Geothink students, staff and faculty at the 2017 Summer Institute at McGill University in Montreal, QC.

By Drew Bush

We’re very excited to present you with our 14th episode of Geothoughts. You can also subscribe to this Podcast by finding it on iTunes.

In this episode, we take a look back at Geothink’s 2017 Summer Institute at McGill University in Montreal, QC from May 25-27. The theme of this year’s Institute was “Smart City: Toward a Just City.” An interdisciplinary group of faculty and students tackled many of the policy, legal and ethical issues related to smart cities.

Each of the three days of the Summer Institute combined workshops, panel discussions and hands-on learning modules that culminated in a competition judged by Montreal city officials and tech entrepreneurs. The goal of the competition was for student groups to develop and assess the major principles guiding Montreal’s 2015-2017 Montréal Smart and Digital City Action Plan.

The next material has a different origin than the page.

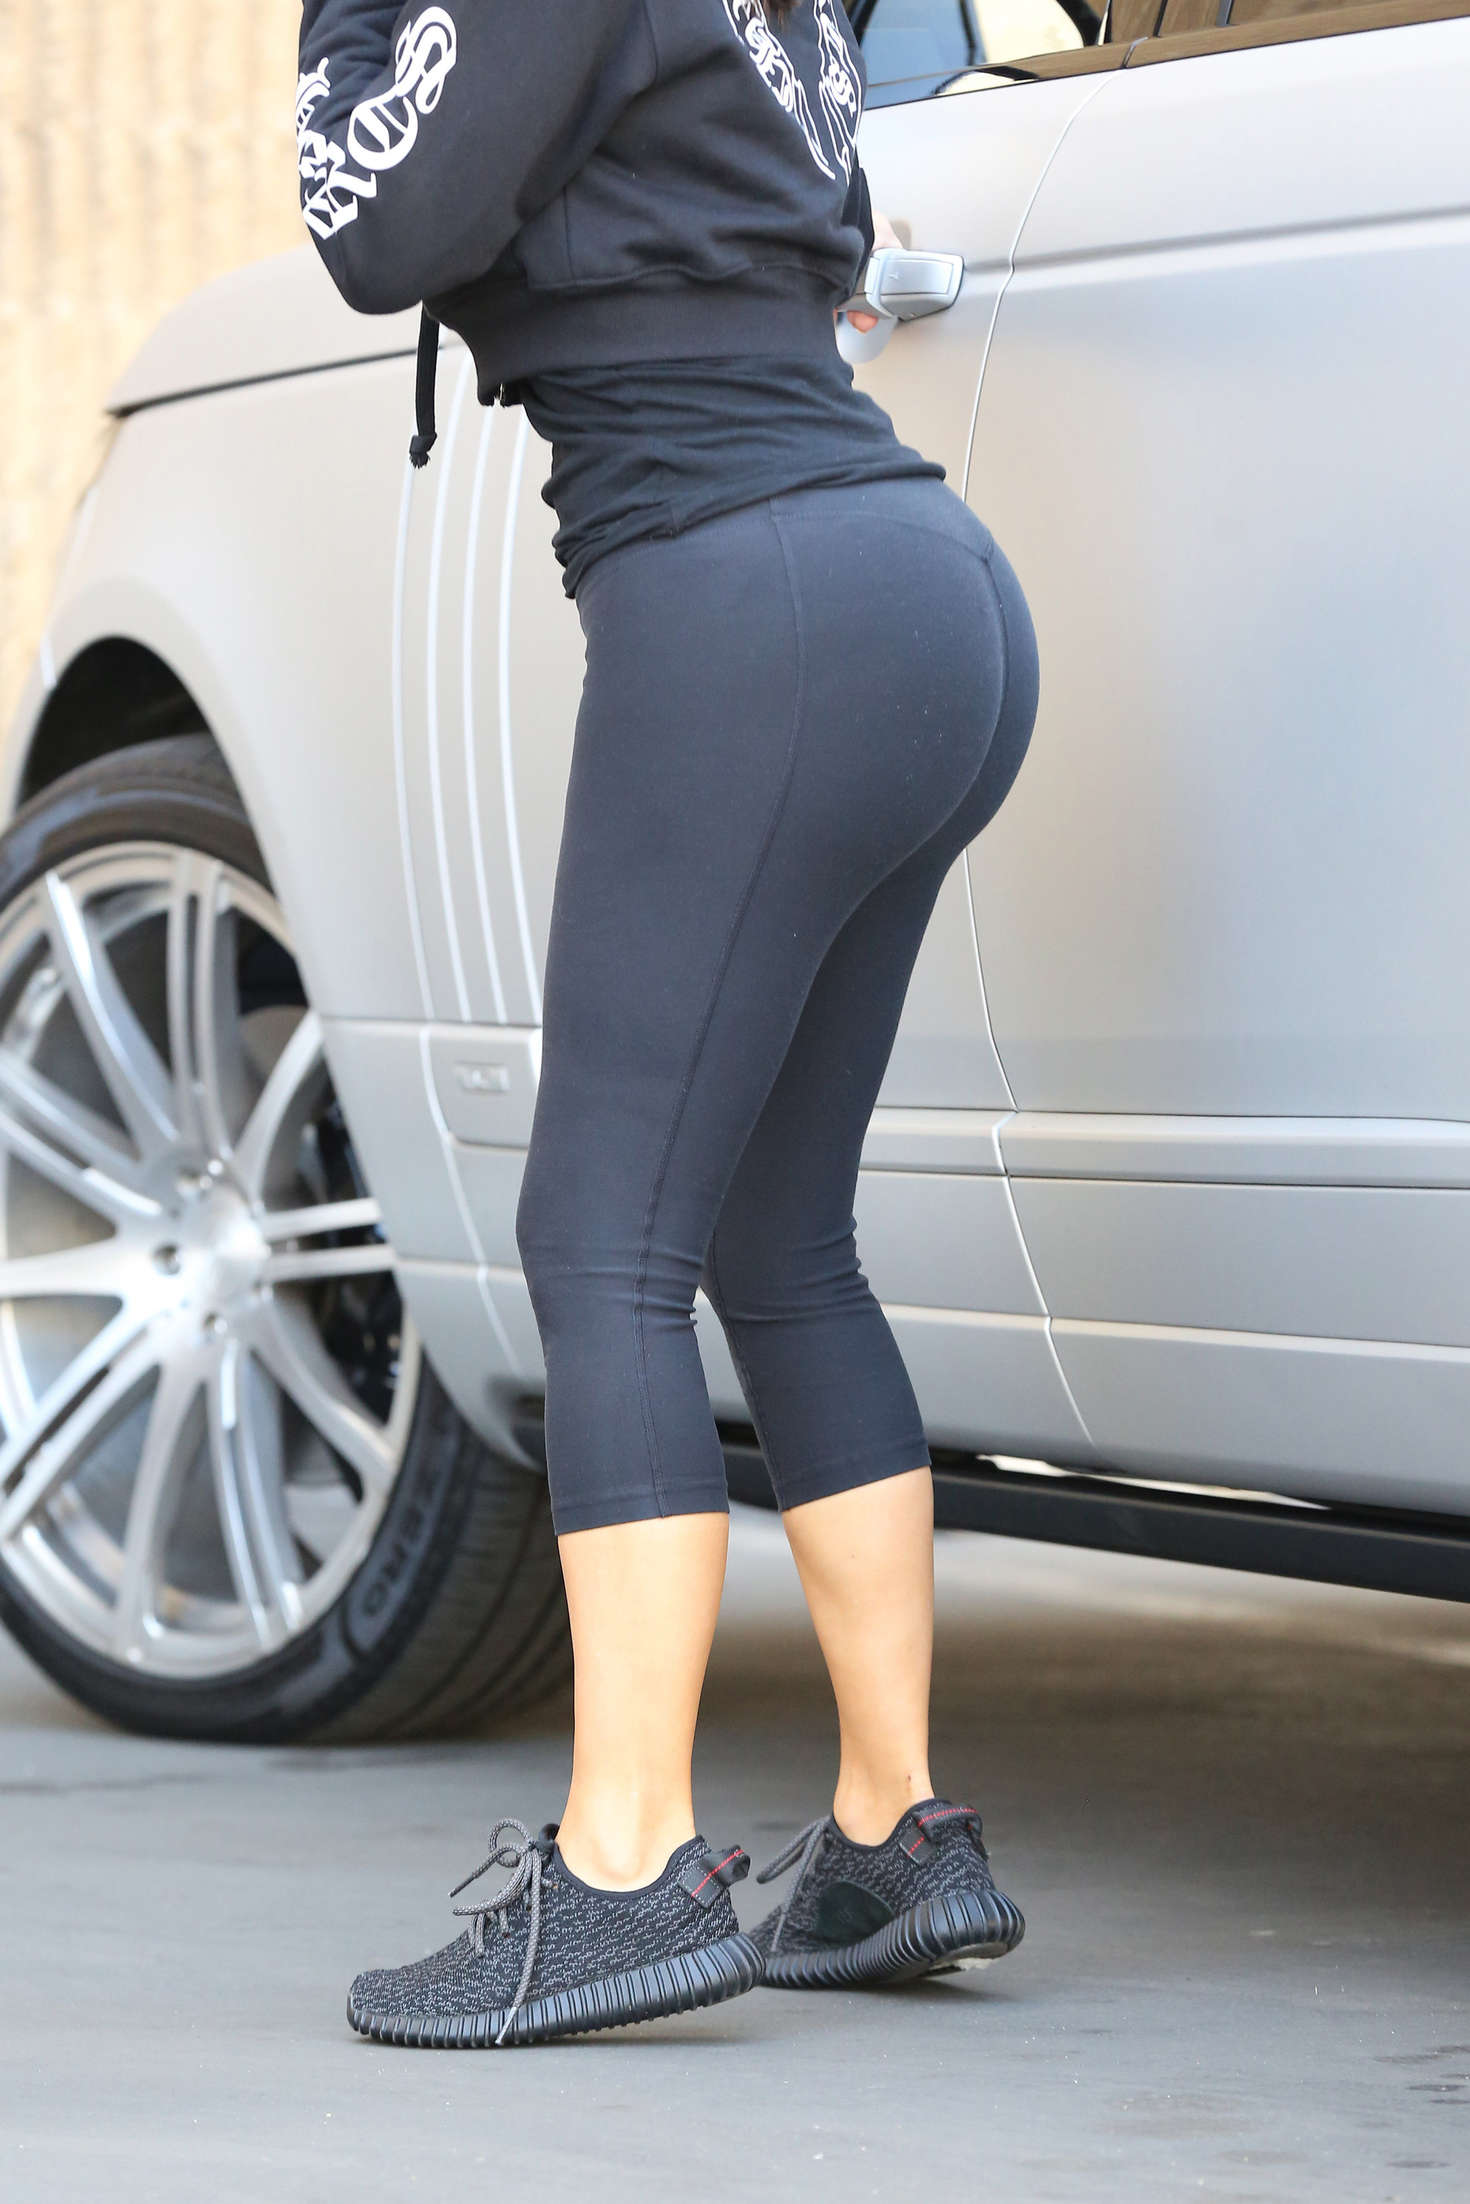 Kim Kardashian In Spandex At Epione 04 Gotceleb

Thanks for tuning in. And we hope you subscribe with us at Geothoughts on iTunes. A transcript of this original audio podcast follows.

TRANSCRIPT OF AUDIO PODCAST

Welcome to Geothoughts. I’m Drew Bush.

[Geothink.ca theme music]

“Smart cities, what do we even need humans for anymore? As you can see from this morning’s panel, smart cities are more than urban engineering, they’re more than the sensors, they’re more than efficiency. Part of going beyond these things, part of creating empathy—my provocation at the beginning of the break—was…is to engage citizens. And how we actually do that, and how we actually do that in the context of a smart city will be discussed by Pamela Robinson and Rob Feick.”

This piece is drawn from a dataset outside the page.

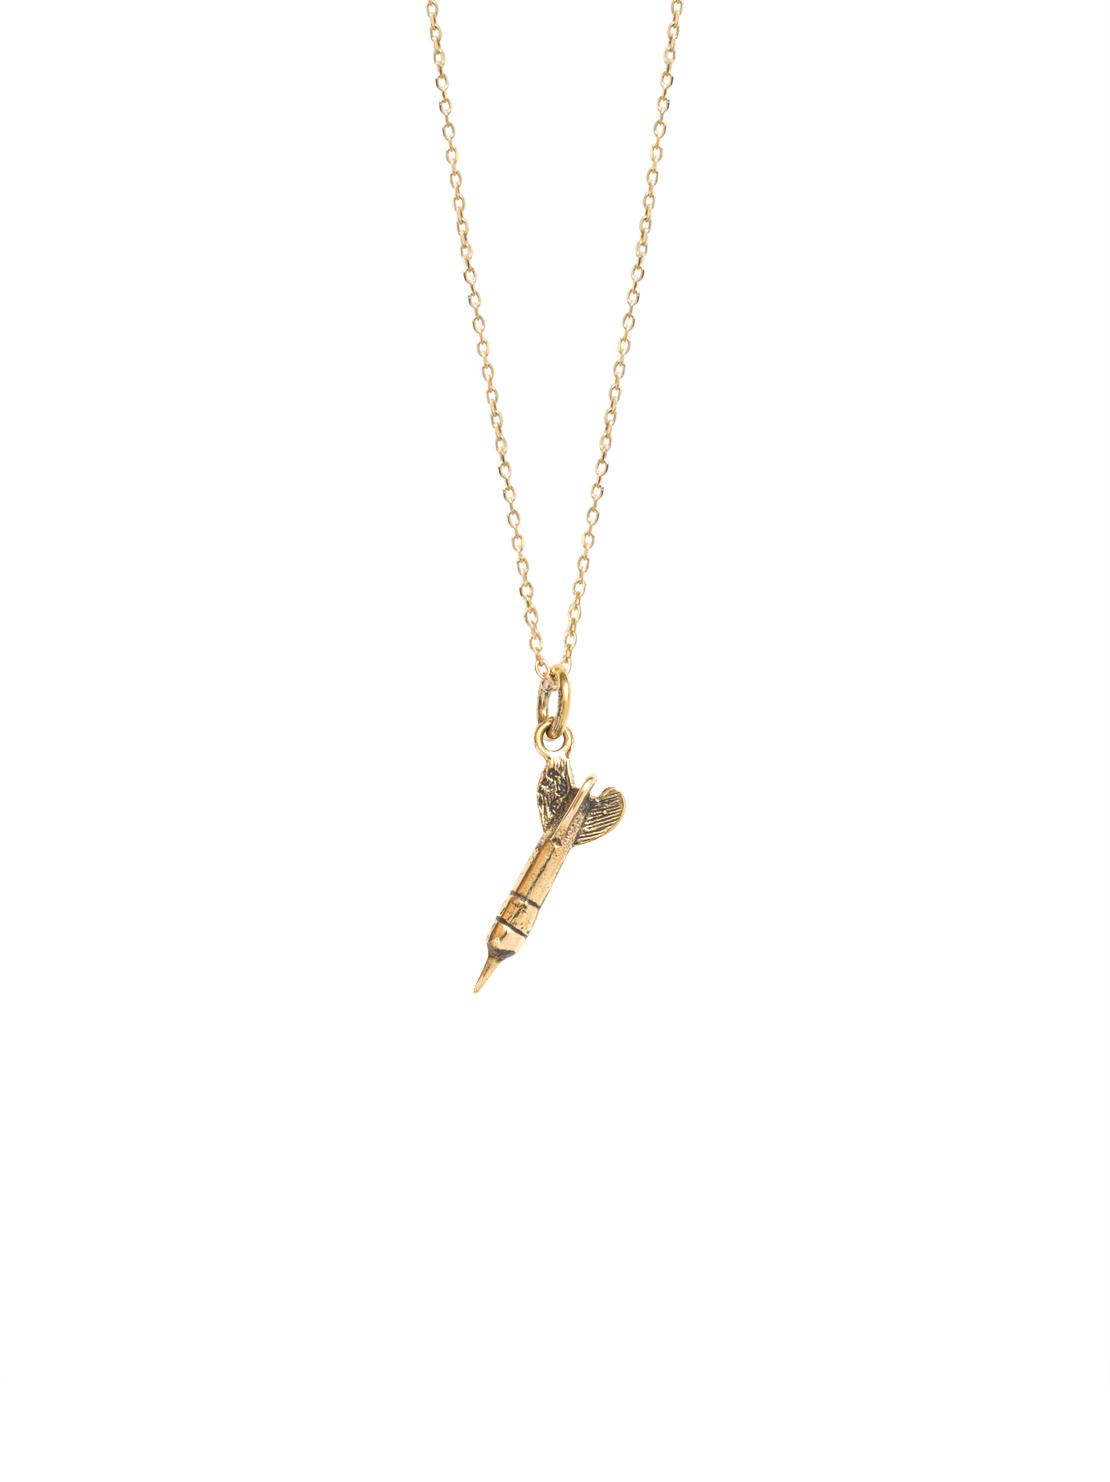 2e44f0c2a14 Dart Necklace - Tilly Sveaas Jewellery

That’s Geothink Head Renee Sieber, associate professor in McGill’s School of Environment and Department of Geography, addressing Geothink’s 2017 Summer Institute that just concluded this past May 2017. She was kicking off the afternoon presentations and work sessions on day one of Geothink’s annual Summer Institute this year held at McGill University in Montreal, QC from May 25-27. The theme: “Smart City: Toward a Just City.”

Each of the three days of the Summer Institute combined workshops, panel discussions and hands-on learning modules that culminated in a competition judged by Montreal city officials and tech entrepreneurs. The goal of the competition was for student groups to develop and assess the major principles guiding Montreal’s 2015-2017 Montréal Smart and Digital City Action Plan.

To start off the afternoon’s work, Rob Feick, an associate professor in Waterloo University’s School of Planning, discussed the idea of civic participation.

“All right, all right, so we’re going to take a few minutes and talk about this idea of civic engagement and how we might conceptualize that in the smart city context. How it might be different from how we think about engagement and civic participation in the pre smart city world. Ok. So. Interesting times: We have a lot of problems. That isn’t meant to get you depressed. I want you to be thinking of this as challenges. So there a lot of interesting, tough challenges that all of us need to apply ourselves to in one way or another.”

Pamela Robinson, associate professor in Ryerson University’s School of Urban and Regional Planning, added to this call for action by presenting the work of her graduate students who created an evaluative framework for smart cities as part of Geothink.

“Ok. So I’m asking everyone to dig into your blue bags and pull out the piece of paper that looks like this. And I’m going to transition from Rob’s talk about broad ways of thinking about civic engagement in the smart city to transitioning to a tool that was created by graduate students of mine as part of this project last fall as part of Geothink. And we wanted to share it for a couple of reasons. One, one of the challenges I think when you bring people together of different disciplinary backgrounds is that people have different ways of talking about the same kinds of issues.”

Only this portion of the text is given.